Trends in survival after heart transplantation based on Social Vulnerability Index in the United States
Lovette Azap, BA,
Adrian Diaz, MD, MPH,
Doug A. Gouchoe, MD,
Nahush A. Mokadam, MD,
Sakima Smith, MD,
Matthew C. Henn, MD,
Bryan A. Whitson, MD, PhD,
Alim Habib, BS,
Brent C. Lampert, DO,
Timothy M. Pawlik, MD, PhD, MPH, MTS, MBA,
Asvin M. Ganapathi, MD
Affiliations
Lovette Azap, BA
Division of Cardiac Surgery, Department of Surgery, The Ohio State University Wexner Medical Center, Columbus, OH
Adrian Diaz, MD, MPH
Division of Cardiac Surgery, Department of Surgery, The Ohio State University Wexner Medical Center, Columbus, OH
Doug A. Gouchoe, MD
Division of Cardiac Surgery, Department of Surgery, The Ohio State University Wexner Medical Center, Columbus, OH
Nahush A. Mokadam, MD
Division of Cardiac Surgery, Department of Surgery, The Ohio State University Wexner Medical Center, Columbus, OH
Sakima Smith, MD
Division of Cardiovascular Medicine, Department of Medicine, The Ohio State University Wexner Medical Center, Columbus, OH
Matthew C. Henn, MD
Division of Cardiac Surgery, Department of Surgery, The Ohio State University Wexner Medical Center, Columbus, OH
Bryan A. Whitson, MD, PhD
Division of Cardiac Surgery, Department of Surgery, The Ohio State University Wexner Medical Center, Columbus, OH
Alim Habib, BS
Division of Cardiac Surgery, Department of Surgery, The Ohio State University Wexner Medical Center, Columbus, OH
Brent C. Lampert, DO
Division of Cardiovascular Medicine, Department of Medicine, The Ohio State University Wexner Medical Center, Columbus, OH
Timothy M. Pawlik, MD, PhD, MPH, MTS, MBA
Division of Surgical Oncology, Department of Surgery, The Ohio State University Wexner Medical Center and James Cancer Center, Columbus, OH
Asvin M. Ganapathi, MD
Division of Cardiac Surgery, Department of Surgery, The Ohio State University Wexner Medical Center, Columbus, OH; Corresponding author: Asvin M. Ganapathi, MD, Department of Surgery, Division of Cardiac Surgery, Ohio State University Medical Center, 410 W. 10th Avenue, N-809 Doan Hall, Columbus, OH 43210.

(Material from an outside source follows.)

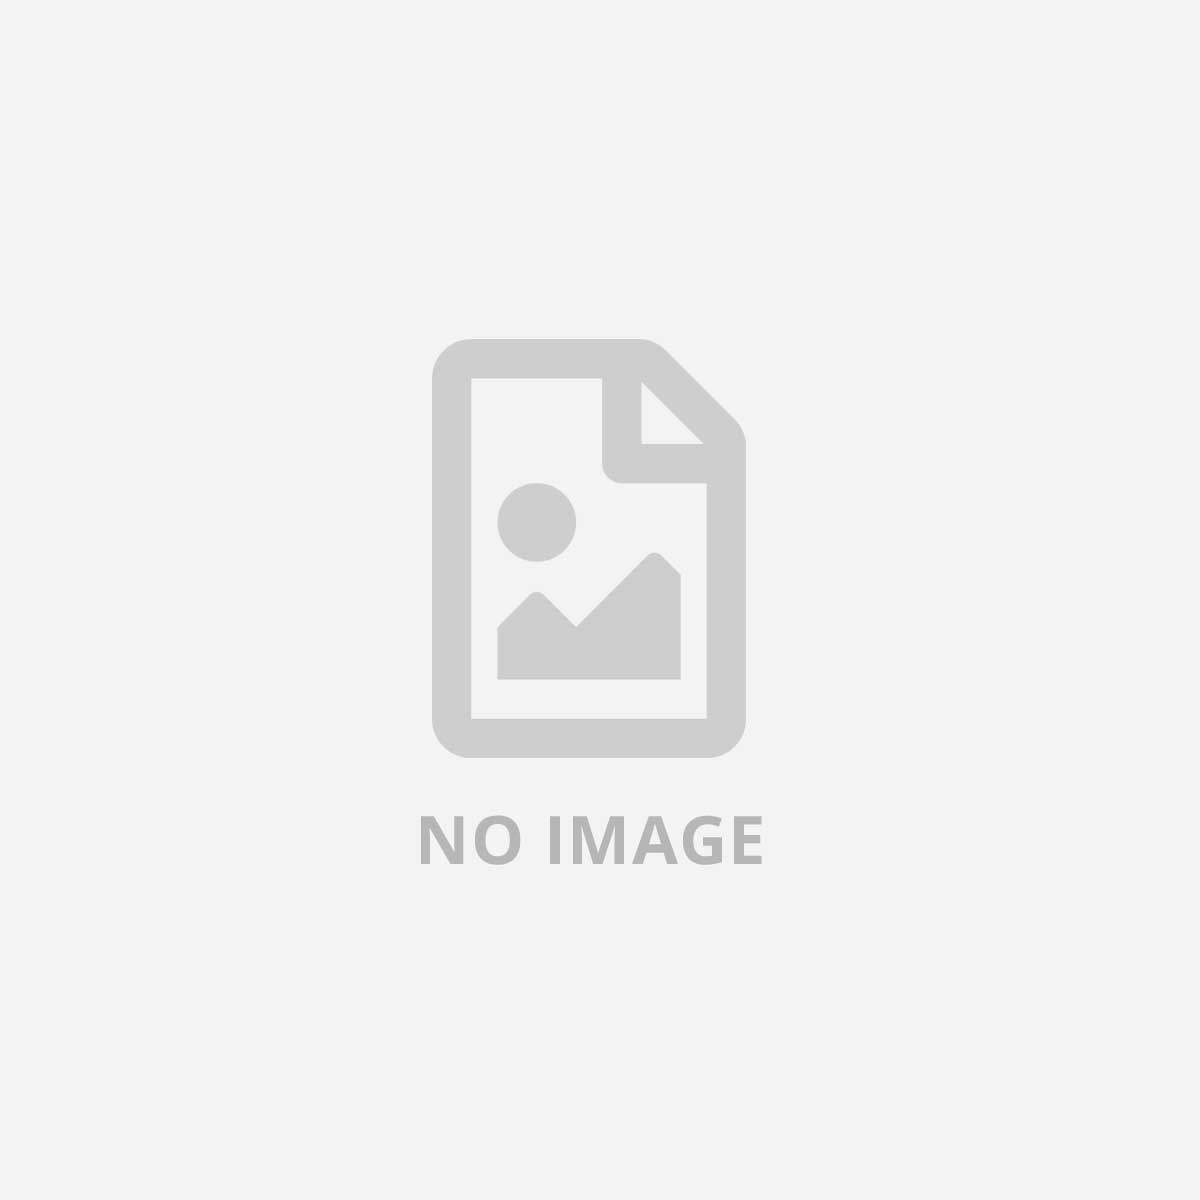 TOSHIBA HDD 3 5P 500GB 64MB 7200RPM

Background: The association of social vulnerability (SV) and cardiac transplant survival remains poorly defined, particularly related to long-term outcomes. The purpose of this study was to define the impact of SV on survival among heart transplant recipients with at least 1 year of survival post-transplant. Methods: Heart transplant recipients were identified using the United Network for Organ Sharing database between June 1, 2006, and December 31, 2020. The Center for Disease Control’s Social Vulnerability Index (SVI) database was used to stratify patients based on SVI into 3 groups: low: <25; average: 26 to 74; high: 75+. The groups were analyzed with comparative statistics, and unadjusted survival was assessed using Kaplan-Meier methods. To determine the independent association between SVI and survival, a multivariable Cox proportional hazard model was created. Results: There were 27,740 recipients identified. High SVI patients more commonly identified as Black individuals and had a higher incidence of diabetes, pretransplant intensive care unit admission, and need for concomitant kidney transplant (p < 0.05 for all). Additionally, high SVI patients had the longest length of stay post-transplant (21.4 days) (p < 0.05). High and average SVI patients had inferior 3-year, 5-year, and 10-year survival vs low SVI patients (p < 0.05). After adjustment, average (hazard ratio [HR]: 1.12) and high (HR: 1.16) SVI were independently associated with an increased risk of mortality on multivariable analysis (both p < 0.001). Conclusion: High or average SVI is independently associated with increased mortality following heart transplantation in patients with 1-year conditional survival. These findings demonstrate that disparities persist among heart transplant recipients during long-term follow-up.